ここにいろと言われたから、少女はここにいた。
本当は追いかけてしまいたかったのに。
困らせたくはなかったから。
したいことを、押し込めて。
少女はここに、い続けた。
――結果。
少女は酷く、傷ついて。
世界は闇に、閉ざされて。
少女はひとりで、そばを通り過ぎていく人を。
人たちを。
眺め続けた。
「おにいちゃんはひかりなんだとおもうの」
「光?」
「ひかり。

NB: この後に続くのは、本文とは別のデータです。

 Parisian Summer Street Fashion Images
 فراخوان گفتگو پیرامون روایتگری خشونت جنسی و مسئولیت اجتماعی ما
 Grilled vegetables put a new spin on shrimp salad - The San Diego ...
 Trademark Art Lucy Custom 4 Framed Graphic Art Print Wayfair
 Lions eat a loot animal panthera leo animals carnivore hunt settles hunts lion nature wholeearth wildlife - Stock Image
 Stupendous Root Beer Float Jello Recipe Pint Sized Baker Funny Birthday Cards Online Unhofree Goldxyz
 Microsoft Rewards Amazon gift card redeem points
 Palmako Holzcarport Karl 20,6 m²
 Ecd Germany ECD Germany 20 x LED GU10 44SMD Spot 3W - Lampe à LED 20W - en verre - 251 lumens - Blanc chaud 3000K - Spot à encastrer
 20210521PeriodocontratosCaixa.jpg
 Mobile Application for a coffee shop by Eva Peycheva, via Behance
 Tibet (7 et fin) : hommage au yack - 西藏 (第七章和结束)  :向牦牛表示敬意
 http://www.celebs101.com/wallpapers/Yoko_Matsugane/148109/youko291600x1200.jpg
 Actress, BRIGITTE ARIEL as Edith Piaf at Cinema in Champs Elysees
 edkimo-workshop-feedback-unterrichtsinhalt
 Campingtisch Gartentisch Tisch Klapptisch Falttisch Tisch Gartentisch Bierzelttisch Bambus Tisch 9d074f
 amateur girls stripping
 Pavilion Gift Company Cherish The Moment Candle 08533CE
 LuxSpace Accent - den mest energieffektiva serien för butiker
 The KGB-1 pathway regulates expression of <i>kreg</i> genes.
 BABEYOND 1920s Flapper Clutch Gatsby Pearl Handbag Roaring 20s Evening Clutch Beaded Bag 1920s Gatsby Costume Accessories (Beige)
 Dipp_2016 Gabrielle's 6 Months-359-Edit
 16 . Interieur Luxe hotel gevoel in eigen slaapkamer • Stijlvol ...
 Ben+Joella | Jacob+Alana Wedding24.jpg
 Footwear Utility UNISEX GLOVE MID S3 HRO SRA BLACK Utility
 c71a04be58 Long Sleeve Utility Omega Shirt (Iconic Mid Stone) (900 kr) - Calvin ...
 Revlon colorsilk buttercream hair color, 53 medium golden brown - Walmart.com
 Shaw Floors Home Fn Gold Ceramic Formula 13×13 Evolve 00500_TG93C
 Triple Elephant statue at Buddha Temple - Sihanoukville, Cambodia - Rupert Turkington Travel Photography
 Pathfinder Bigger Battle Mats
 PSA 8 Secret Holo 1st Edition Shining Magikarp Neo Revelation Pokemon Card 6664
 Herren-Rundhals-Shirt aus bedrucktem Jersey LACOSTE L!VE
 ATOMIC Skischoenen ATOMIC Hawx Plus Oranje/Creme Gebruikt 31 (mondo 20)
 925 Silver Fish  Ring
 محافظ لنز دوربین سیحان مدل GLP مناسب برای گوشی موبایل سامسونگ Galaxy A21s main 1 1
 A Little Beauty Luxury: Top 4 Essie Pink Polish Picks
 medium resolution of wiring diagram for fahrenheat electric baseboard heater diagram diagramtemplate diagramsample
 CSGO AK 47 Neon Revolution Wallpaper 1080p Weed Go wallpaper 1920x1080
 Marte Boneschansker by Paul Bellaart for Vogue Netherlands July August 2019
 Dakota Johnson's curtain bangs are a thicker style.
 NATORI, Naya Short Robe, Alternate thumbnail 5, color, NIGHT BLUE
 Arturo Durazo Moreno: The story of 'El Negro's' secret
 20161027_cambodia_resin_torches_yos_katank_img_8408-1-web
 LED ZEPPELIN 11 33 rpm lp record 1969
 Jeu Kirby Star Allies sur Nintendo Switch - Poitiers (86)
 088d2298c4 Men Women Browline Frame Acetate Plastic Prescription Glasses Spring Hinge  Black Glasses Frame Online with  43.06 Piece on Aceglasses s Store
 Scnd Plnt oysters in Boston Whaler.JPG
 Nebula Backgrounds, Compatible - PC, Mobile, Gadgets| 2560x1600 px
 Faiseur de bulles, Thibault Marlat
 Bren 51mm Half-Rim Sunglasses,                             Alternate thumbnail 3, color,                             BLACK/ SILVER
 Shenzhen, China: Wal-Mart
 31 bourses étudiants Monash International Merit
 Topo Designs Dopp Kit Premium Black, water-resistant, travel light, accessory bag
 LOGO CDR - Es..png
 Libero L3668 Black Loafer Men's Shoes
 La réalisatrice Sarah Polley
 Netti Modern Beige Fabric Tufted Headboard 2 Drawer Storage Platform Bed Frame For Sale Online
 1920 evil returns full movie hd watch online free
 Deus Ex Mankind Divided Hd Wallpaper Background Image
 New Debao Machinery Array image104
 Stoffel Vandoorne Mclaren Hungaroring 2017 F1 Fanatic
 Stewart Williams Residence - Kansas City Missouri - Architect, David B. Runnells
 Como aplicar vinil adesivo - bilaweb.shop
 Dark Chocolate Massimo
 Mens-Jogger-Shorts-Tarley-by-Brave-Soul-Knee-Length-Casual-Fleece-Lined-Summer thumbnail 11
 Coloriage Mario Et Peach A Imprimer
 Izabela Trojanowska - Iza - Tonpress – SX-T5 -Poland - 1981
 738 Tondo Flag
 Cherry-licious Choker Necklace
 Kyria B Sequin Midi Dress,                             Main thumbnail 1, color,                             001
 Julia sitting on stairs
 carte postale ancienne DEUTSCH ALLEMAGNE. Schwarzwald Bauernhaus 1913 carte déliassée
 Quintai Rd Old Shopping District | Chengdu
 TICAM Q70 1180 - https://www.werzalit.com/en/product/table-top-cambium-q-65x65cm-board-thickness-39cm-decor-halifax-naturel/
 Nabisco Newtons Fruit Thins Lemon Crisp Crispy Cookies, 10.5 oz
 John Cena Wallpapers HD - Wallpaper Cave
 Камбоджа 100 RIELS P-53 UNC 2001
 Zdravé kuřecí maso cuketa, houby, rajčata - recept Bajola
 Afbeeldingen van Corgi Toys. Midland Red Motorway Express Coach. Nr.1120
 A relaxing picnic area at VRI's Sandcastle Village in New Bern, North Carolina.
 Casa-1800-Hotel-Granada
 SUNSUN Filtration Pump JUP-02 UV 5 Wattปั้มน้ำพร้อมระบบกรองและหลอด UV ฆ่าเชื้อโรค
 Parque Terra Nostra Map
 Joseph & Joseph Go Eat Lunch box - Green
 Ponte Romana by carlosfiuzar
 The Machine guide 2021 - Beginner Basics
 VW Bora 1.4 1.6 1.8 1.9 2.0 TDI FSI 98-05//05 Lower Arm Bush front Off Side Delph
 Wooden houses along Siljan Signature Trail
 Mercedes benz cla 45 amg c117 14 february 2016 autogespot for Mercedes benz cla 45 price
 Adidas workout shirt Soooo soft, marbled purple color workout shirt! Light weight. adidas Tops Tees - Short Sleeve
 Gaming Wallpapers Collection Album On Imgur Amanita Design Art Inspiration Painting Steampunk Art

まっくらになっちゃってから、なくなっちゃったもの」
「………」
「ひかりをさがしてくるって、いってたから」
「……?」
「えいえんを、みつけてくるって。みえるかどうかは、わからないけどって」
「……っ」
誰が? と、口にしそうになって。
俺は慌てて、手で口を覆う。
少女が言っているのは、少女を置いていった人物以外、ほかにはいない。
そんなこと、わかっていたのに。
「ひかり、ここにあるよって、おしえられたら。もどってくるかな?」
「…かもな」
「おにいちゃん、えいえん、しってる?」
「知ってる。けど……」
失くしてしまったから。
彼女となら、それを信じられたのに。
信じていたことさえ、忘れてしまっていた。
それを今更、思い出しても……、仕方がないのに。
考えて、ゆっくりと瞼を閉じる。
俺はその時、彼女のことを思い出していたから。
少女が呟いた声は、耳に入ってはこなかった。